①상품권 매입수량(을 제2호증)은 상품권 발행업체가 경품용 상품권 지정 승인 및 사후감독 업무를 담당하고 있는 □□개발원에게 상품권 판매현황 자료를 정기적으로 신고한 발행・판매 내역이다. 그러나 상품권 발행업자인 주식회사 ■■진흥에 의하면, □□개발원에서 자료제출을 요구한 목적은 경품용 상품권 시장의 유통흐름 파악이어서 대부분 총판들이 거래처 노출을 피하기 위하여 거래처를 축소하여 허위로 제출한 경우가 많았고, 게임산업개발원에 제출되었던 총판과 게임제공업소의 거래관계는 부정확하였다고 밝히고 있다.
(2) A merchandise coupon issuer shall submit the performance of the issuance, distribution, redemption, and destruction of merchandise coupons, detailed data of each transaction, and the details of chain stores, etc. to the designated agency each quarter, and may revoke the designation of merchandise coupons if they are violated. However, in light of the fact that a merchandise coupon issuer is merely a merchandise coupon issuer, and the merchandise coupon issuer does not bear such duty, and that a merchandise coupon issuer did not investigate the authenticity of the report made by the merchandise coupon issuer, and that there was a lack of awareness as to whether value-added tax was imposed on the sales of merchandise coupons at the time, it is insufficient to conclude that the above reported data are true
③ GinB stated that ○○○○○○○ Group’s husband of △△○○ Group’s representative director made a statement that there was no fact in selling gift certificates to the Plaintiff. The Plaintiff was aware of the contact address of KimB through Defendant employees, and the Plaintiff appears to have come to come up with KimB for the first time through this, and there was controversy as to whether the tax authorities at the time did not know that the data reported to the △△ Development Institute were to be used as tax data, and whether the gift certificates provided as gift certificates should be imposed. KimB attempted to correct the sales status of gift certificates to the game room companies other than the Plaintiff. Although KimB did not record the Plaintiff’s business registration number, it is difficult to view that the Plaintiff’s business registration number is false in light of the fact that the gift coupon issuer’s confirmation of the Plaintiff’s business registration number or the possibility of making a statement due to mistake in KimB, etc.

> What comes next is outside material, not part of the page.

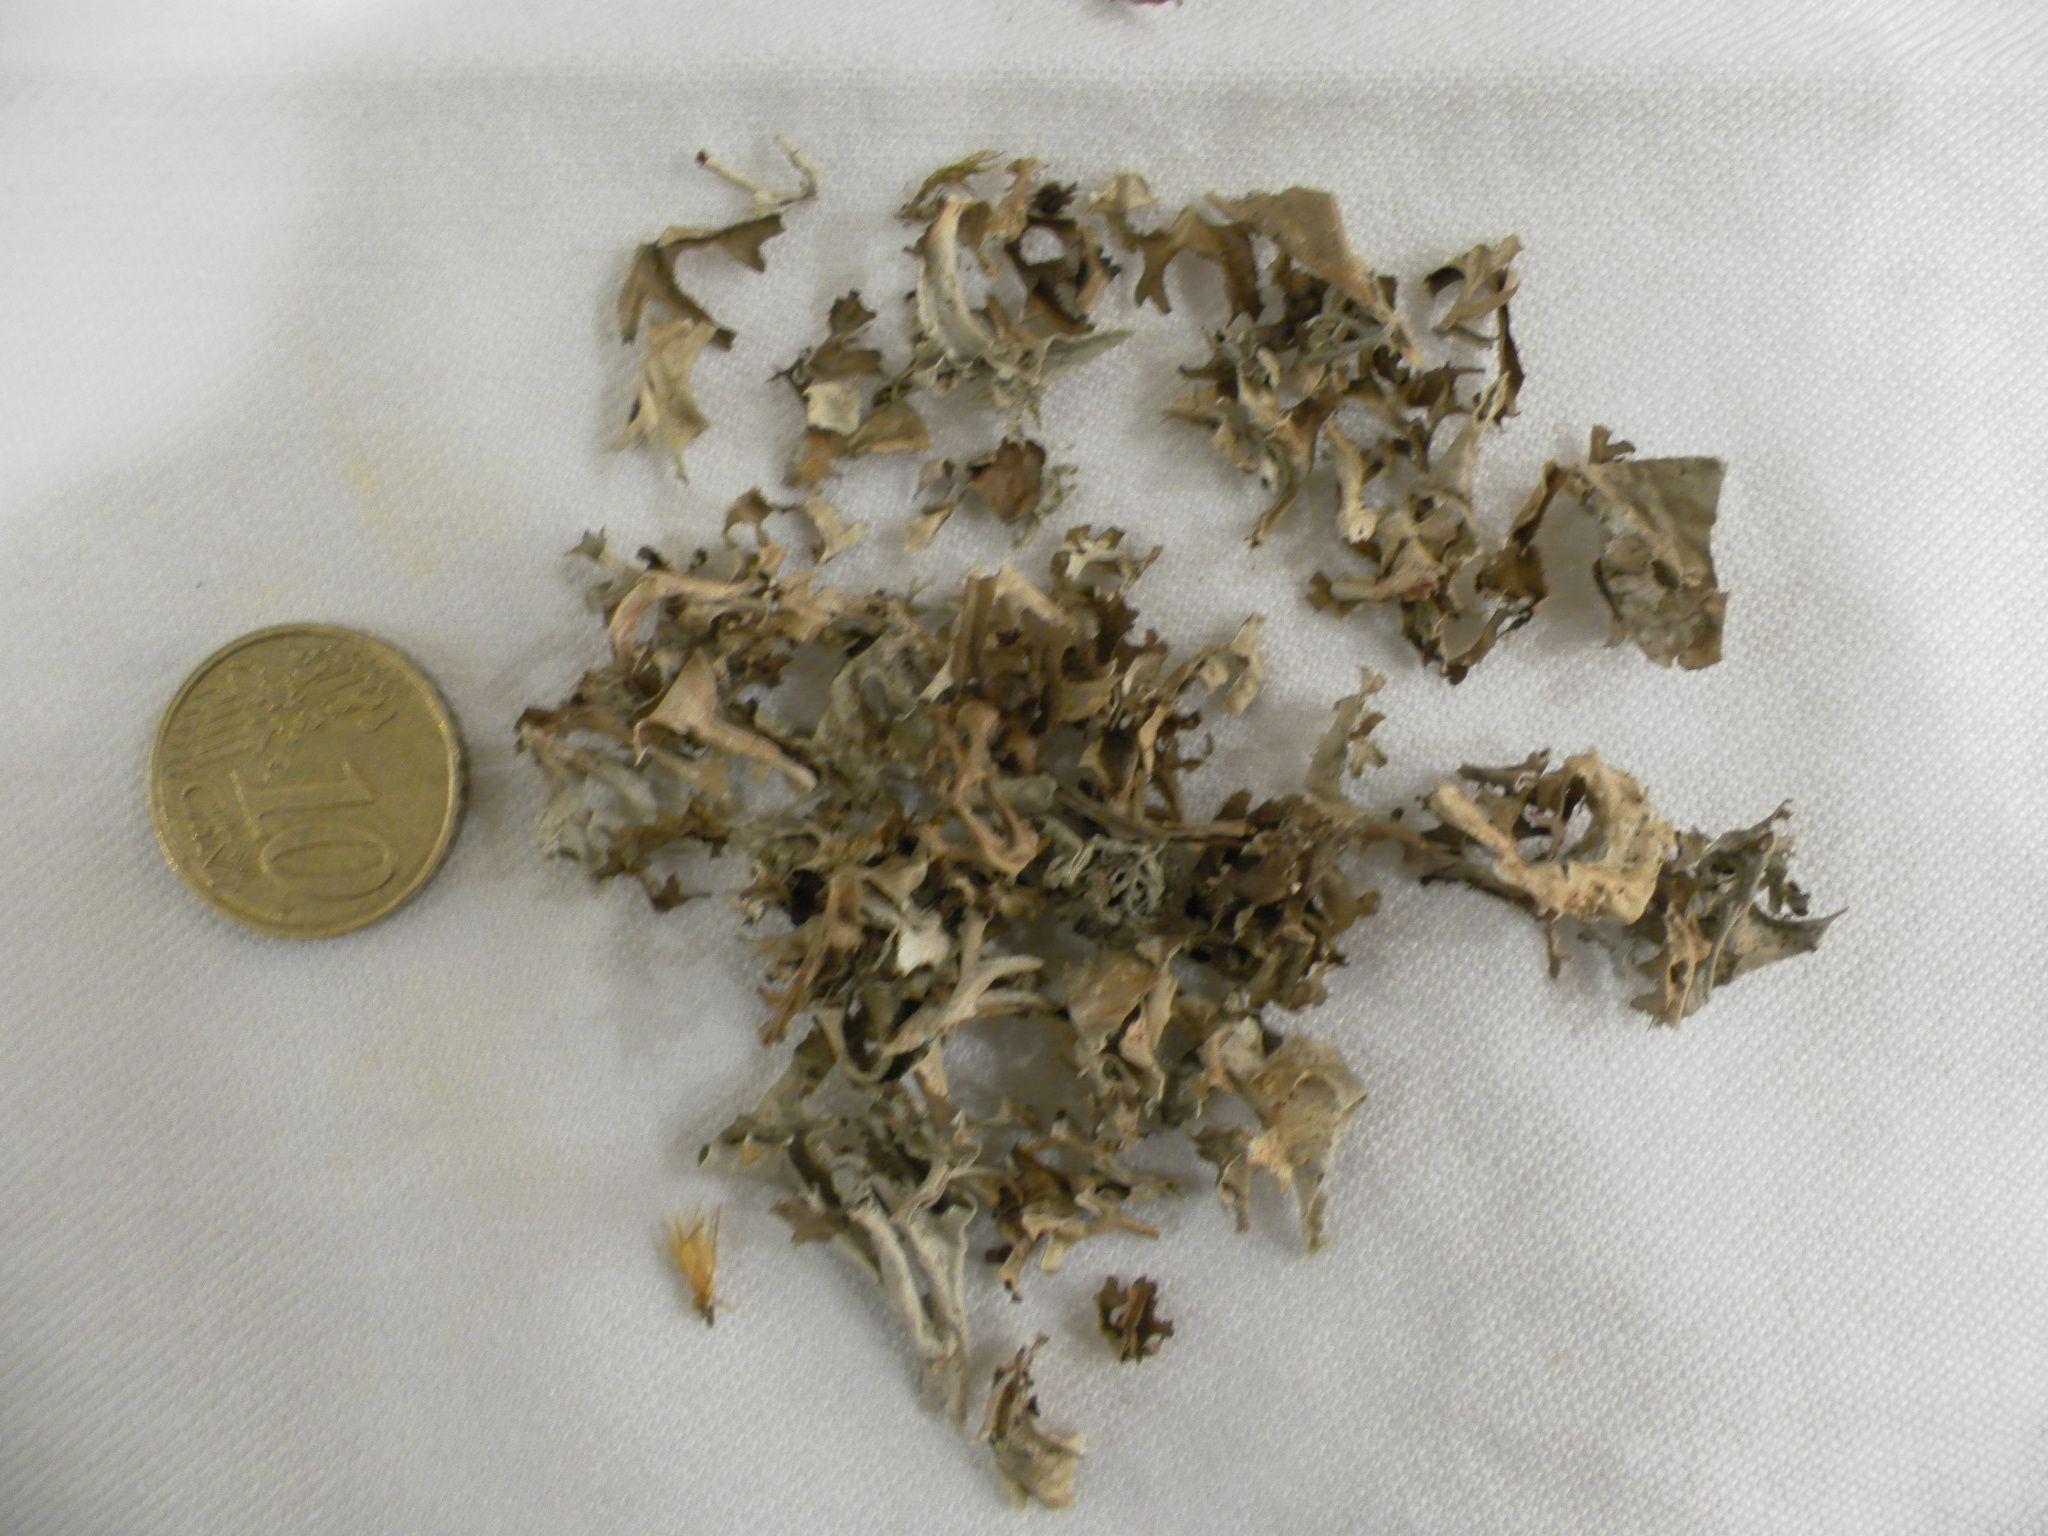 Lichen d'Islande, Cetraria islandica, PARMELIACEES, plante entière, immunostimulan, antibiotique ...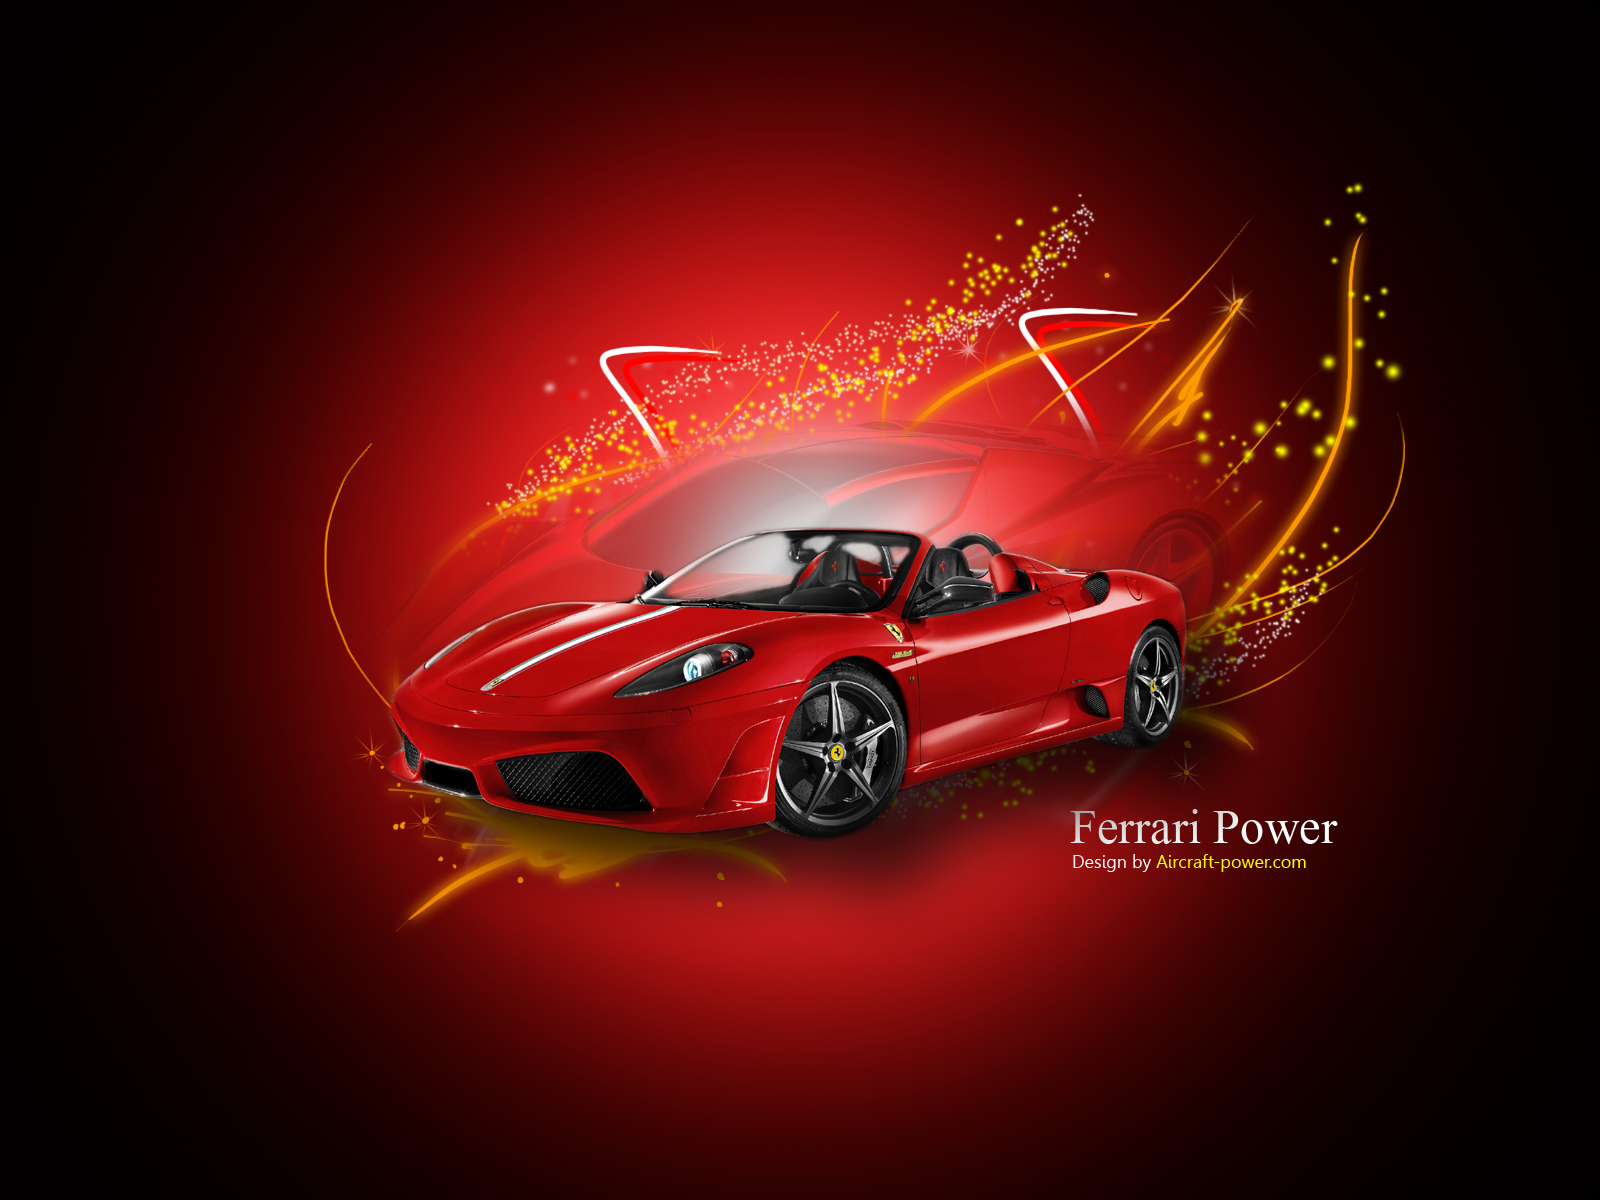 car wallpaper zedge lovely zedge car wallpapers aœ enam wallpaper. Ferrari Wallpapers On Wallpaperdog

④ The Plaintiff received the instant game site on January 10, 2006, and obtained the registration of distribution-related distributor from the head of ○○○ on January 25, 2006. Although it appears that the Plaintiff was able to operate the game site at least on January 25, 2006, the purchase volume of merchandise coupons at least 12,00 as the purchase volume of merchandise coupons around January 2006 is more easily than the purchase volume of merchandise coupons around February 2006.
⑤ From March 1, 2006 to March 1, 2007, the plaintiff registered a business operator with respect to the game of this case, and closed the business from March 1, 2006 to December 2006. In light of the fact that although the sales of gift certificates was reported on continuous sales of gift certificates, the sales of gift certificates (certificate No. 2) can only be reported on the sales of gift certificates from January 2006 to March 2006. The plaintiff purchased gift certificates after April 1, 2006 without reporting the sales of gift certificates to the designation authority, including the △ Development Institute, as well as the fact that the plaintiff did not report the sales of gift certificates sales of gift certificates to the designation authority, it is insufficient to recognize the accuracy of the sales of gift certificates (certificate No. 2).
3.In conclusion
If so, the plaintiff's claim of this case is reasonable and acceptable.